I think you make a lot of great points...largely because you applied common sense and a larger understanding to each of the standards, and that's exactly my point. DRY, SOLID, TDD, and all the rest can be excellent guides. We just have to apply our own judgment. :) (But then, I'm just reiterating - you know all that!)

And yes, composition is almost always better than inheritance. SOLID doesn't state that explicitly, of course, but that's not SOLID's fault. It's one of several guidelines to apply, not a magic bullet!

By the way, that terrible code base was written in Python, although I wouldn't say it was "Pythonic" by any means.

 

"Pythonic" not always mean good readable code, most of the time is apply the syntactic sugar and other advantages that Python offers you to do something, for example List Comprehensions are so good but not always:

This:

def generatorFunction() :
    for number in range(100):
        yield number

Is better than:

generatorFunction = lambda: [(yied(number)) for number in range(100)]

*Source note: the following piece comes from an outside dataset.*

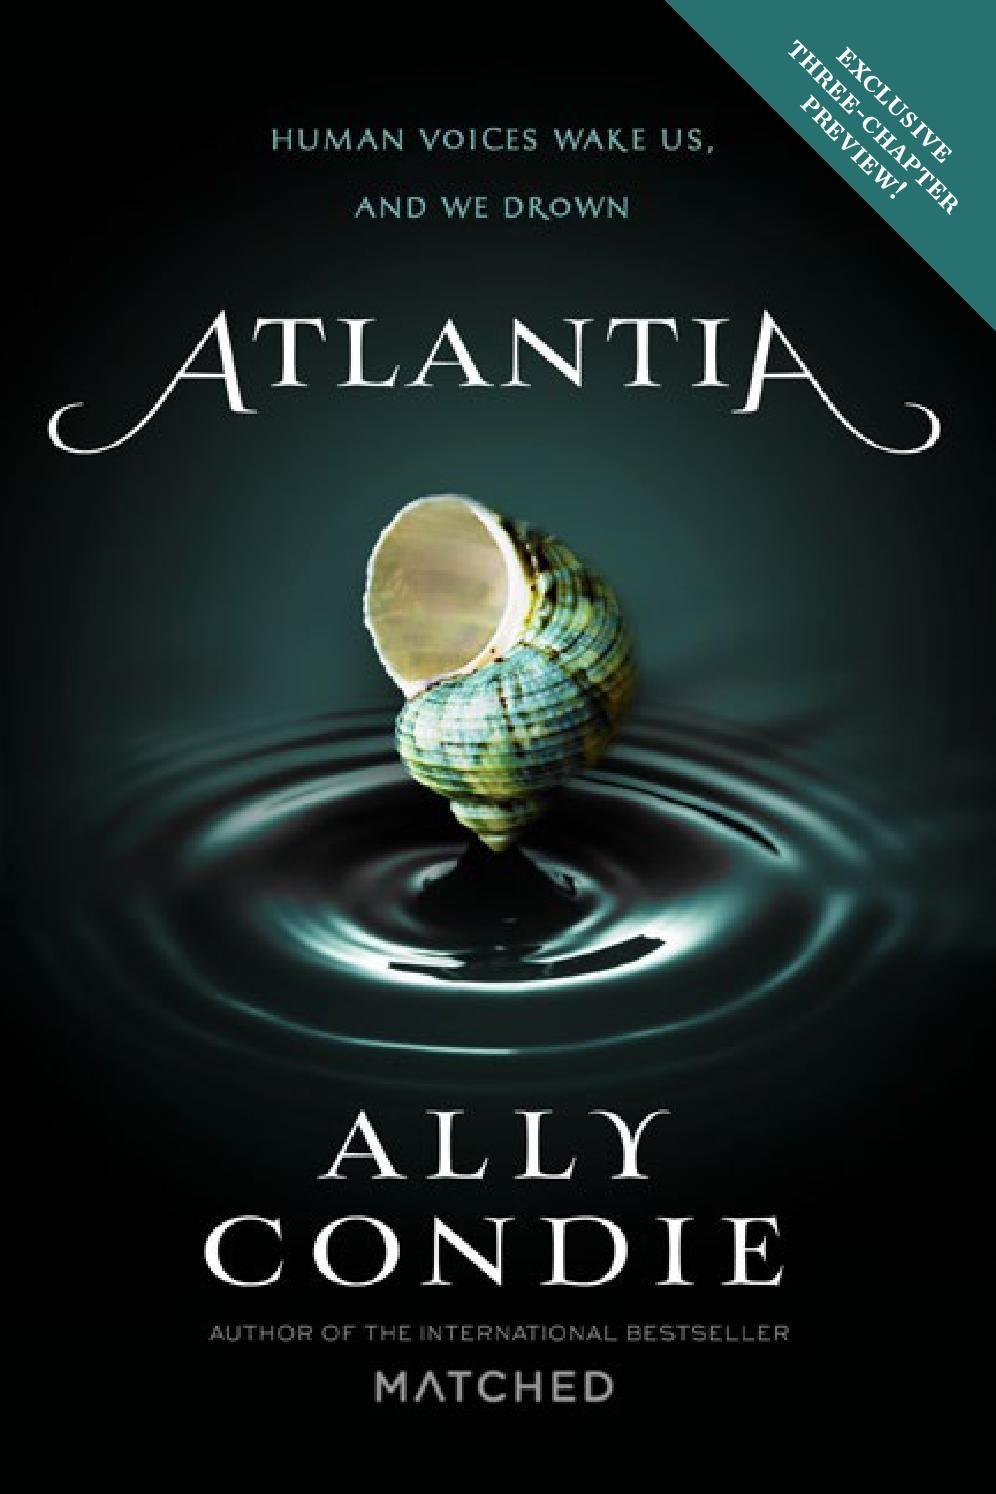 Atlantia by Ally Condie (Excerpt) http://issuu.com/penguinteen/docs/9780525426448_original_atlantia/1

Is only an example, I'm not good to create good examples.

No, "Pythonic" means it applies the "Zen of Python", which puts a high priority on good, readable code.

Beautiful is better than ugly.
Explicit is better than implicit.
Simple is better than complex.
Complex is better than complicated.
Flat is better than nested.
Sparse is better than dense.
Readability counts.
Special cases aren't special enough to break the rules.
Although practicality beats purity.
Errors should never pass silently.
Unless explicitly silenced.
In the face of ambiguity, refuse the temptation to guess.
There should be one-- and preferably only one --obvious way to do it.
Although that way may not be obvious at first unless you're Dutch.
Now is better than never.
Although never is often better than right now.
If the implementation is hard to explain, it's a bad idea.
If the implementation is easy to explain, it may be a good idea.
Namespaces are one honking great idea -- let's do more of those!

But once again, even this must be applied with common sense!

I'm always have had different concepts of "Zen of Python" and "Pythonic way", but you are right, I'm agree with you. Thanks for the aclaration!